Data
= Beginning of Section =

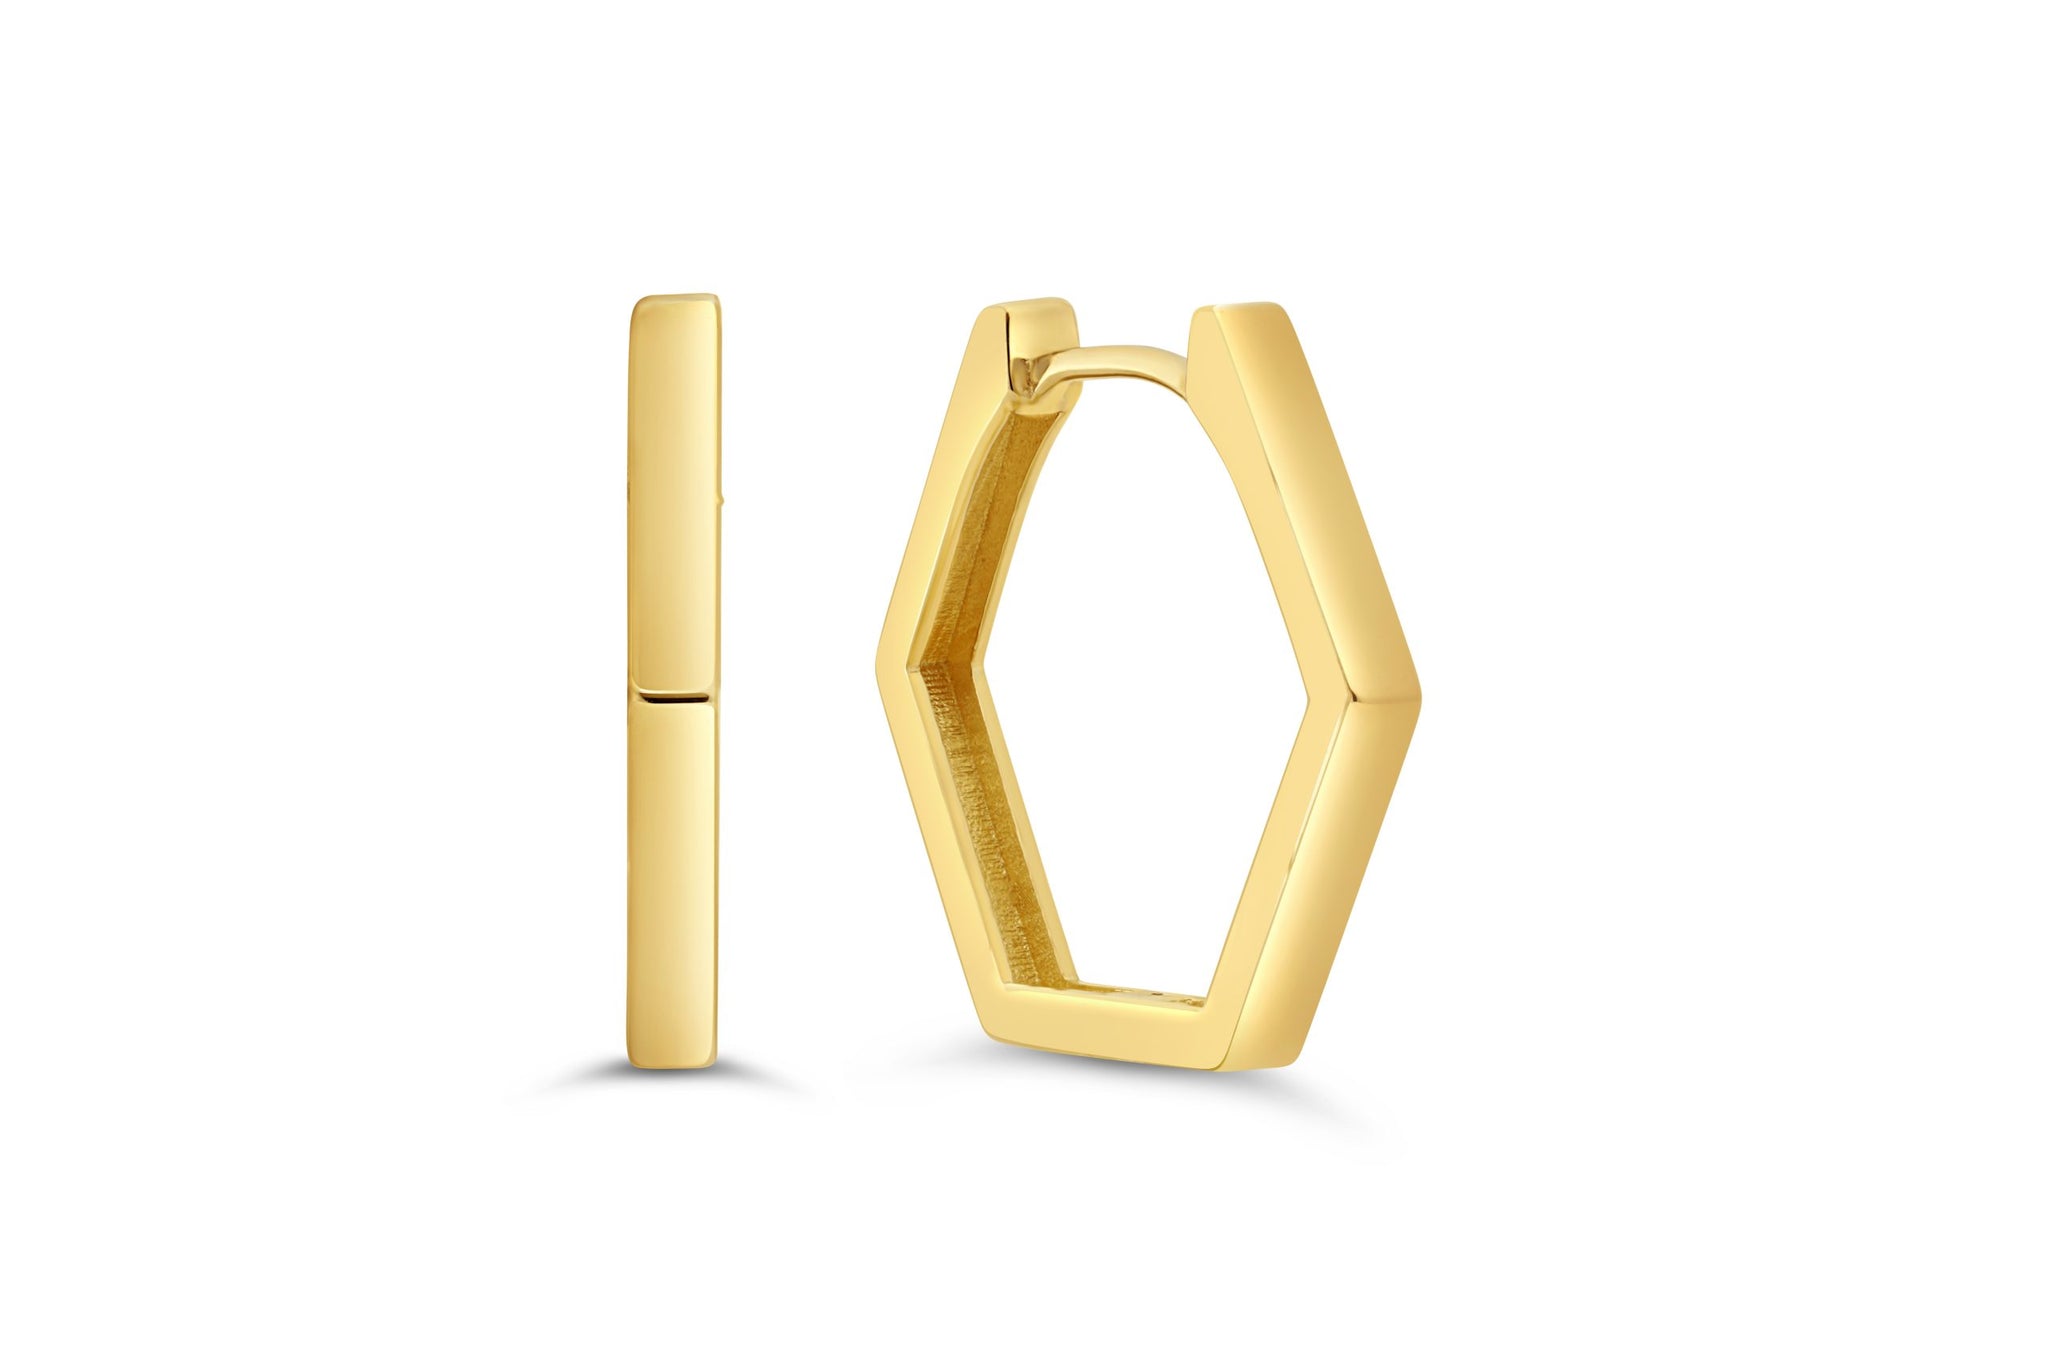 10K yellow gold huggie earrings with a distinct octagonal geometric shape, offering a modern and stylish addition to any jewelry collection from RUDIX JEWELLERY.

= End of Section =
= Beginning of Section =

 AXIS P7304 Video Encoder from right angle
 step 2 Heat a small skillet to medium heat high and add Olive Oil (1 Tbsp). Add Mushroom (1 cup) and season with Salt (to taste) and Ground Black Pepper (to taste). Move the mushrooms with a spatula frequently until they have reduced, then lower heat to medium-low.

= End of Section =

What is being asked
Within the listing above, the range opens at the line with "AXIS P7304 Video Encoder from right angle" and closes at the line with "step 2 Heat". Reproduce exactly the lines of that range, including both ends.

Exercise result
 AXIS P7304 Video Encoder from right angle
 step 2 Heat a small skillet to medium heat high and add Olive Oil (1 Tbsp). Add Mushroom (1 cup) and season with Salt (to taste) and Ground Black Pepper (to taste). Move the mushrooms with a spatula frequently until they have reduced, then lower heat to medium-low.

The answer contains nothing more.